Они могут быть приятелями, друзьями – это постороннее дело; но на приязни основанные хвалы литературные – это дело литературное, и критика должна обличить несправедливость и даже невыгоду такого рода похвал. На чем были основаны сии хвалы? На что опирался союз знаменитости
литературной, если мы ясно видим, что не дарования вели в сей союз? На приязни – на одной приязни, которая может завязываться от разных причин [Полевой 1990: 68–69]122.О писателях круга «Литературной газеты» Полевой замечает: «Хвастливость их не имеет границ; доказательства: похвалы самим себе, то есть князю Вяземскому, Пушкину, гг. Баратынскому, Языкову и проч.» [Полевой 1990: 79]123
.«Общество гениев, соединенных взаимной приязнью», так же как упоминание в чуть более ранней рецензии Булгарина на роман Погорельского «Монастырка» «писателей, стяжавших знаменитость по Ланкастеровой методе взаимного восхваления», кажутся едва ли не переводом уже упоминавшихся латушевских «страховых обществ для взаимной поддержки сочинений» [Булгарин 1830], однако, учитывая, что Бестужев-Рюмин осудил «общество взаимного прославления» еще в июле
1829 года, до Латуша, искать здесь французский источник, на который ничто не намекает, по-видимому, бесперспективно.Пушкинский круг также охотно упрекал противную сторону во взаимных восхвалениях (к которым ее представители, в частности Булгарин и Греч, прибегали с большой охотой).

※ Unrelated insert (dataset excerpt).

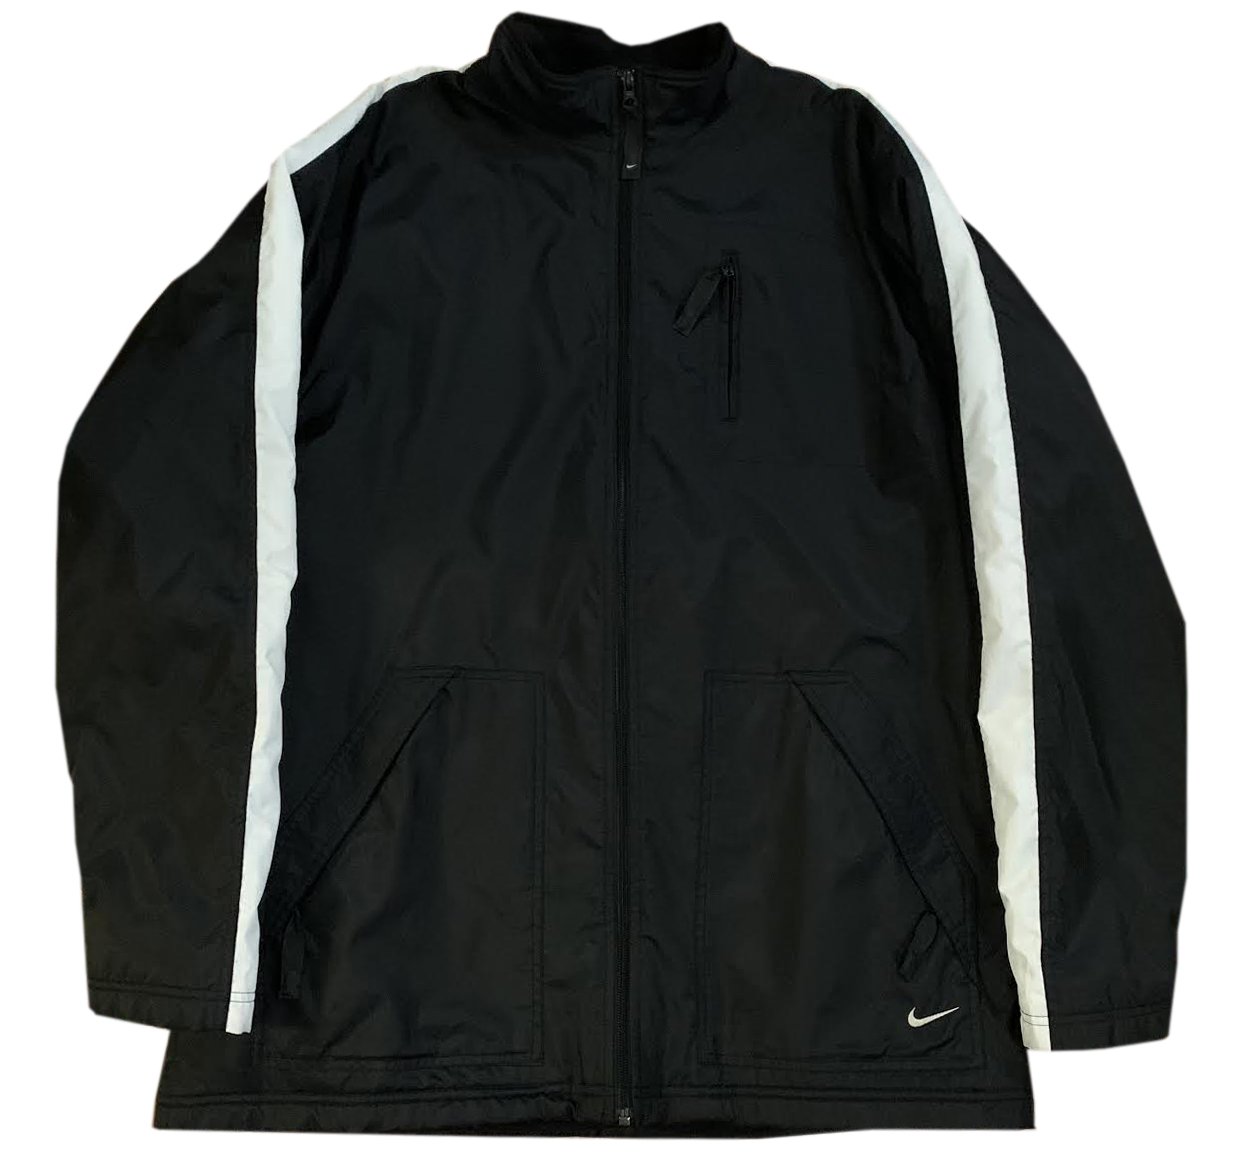 Nike Black/ White Fleece Lined Jacket (Size Roots

Два самых знаменитых литературных памятника, в которых запечатлены такие упреки, – статья Пушкина «Торжество дружбы, или Оправданный Александр Анфимович Орлов» (1831) и басня И. А. Крылова «Кукушка и петух» (1834, изд. 1841)124
. Однако ни Пушкин в характеристике Фаддея Венедиктовича и Николая Ивановича, ни Крылов в рассказе о взаимоотношениях двух пернатых не испытывают никакой необходимости в апелляции к французскому термину, хотя в обоих случаях героев (и людей, и птиц) связывает самая настоящая «литературная приязнь».Второй причиной
равнодушия русских литераторов к латушевской camaraderie littéraire представляется мне значительное место, которое в русской полемике 1830 года занимал сословный аспект, совершенно не интересный участникам полемики французской. Не менее охотно, чем выражением «знаменитые друзья», критики «Литературной газеты» оперировали понятием «литературная аристократия». Как замечает Е. О. Ларионова, цитируя эпистолярное суждение А. В. Веневитинова о партии Булгарина и Полевого как «составленной из всех тех, которые не умеют порядочно повязать галстуха», «литературные вопросы полемики оказывались тесно связаны с социальными» [Ларионова 2001: 22]. Бестужев-Рюмин в полемике с Дельвигом утверждает, что литературные достоинства писателя не зависят от его значения в нелитературном свете и что употреблять в этом контексте выражение «тон хорошего общества» оснований нет. Николай Полевой упрекает Пушкина и его «знаменитых друзей» в «литературном феодализме» и в нежелании признать, что не только среди «аристократов», но «во всяком звании и обществе может явиться душа, способная понимать изящное» [Полевой 1990: 70]. Ксенофонт Полевой напоминает Киреевскому и Вяземскому (к которым обращает укоризненное восклицание «О знаменитые друзья!»), что дар словесности нельзя усвоить в большом свете [Полевой 1990: 409, 413–414]. «Выходками против так называемой литературной нашей аристократии» (так определяет эти нападки анонимная – предположительно пушкинская – заметка, опубликованная 9 августа 1830 года в «Литературной газете») изобилуют статьи Булгарина. Пушкин в «Опровержении на критики» и Вяземский в статье «О духе партий; о литературной аристократии» парируют обвинения. Правда, у Вяземского «понятие „аристократизма“ имеет не исторический, а, скорее, метафорический смысл; он говорит об „аристократии ума и дарований“, „аристократии талантов“» [Вацуро 2000: 169]125. Но Пушкин в болдинских полемических заметках оперирует категориями «дворянство» и «хорошее общество» в самом буквальном, а не метафорическом смысле. В обсуждении же французской camaraderie, повторю, этот сословный аспект никакой роли не играл.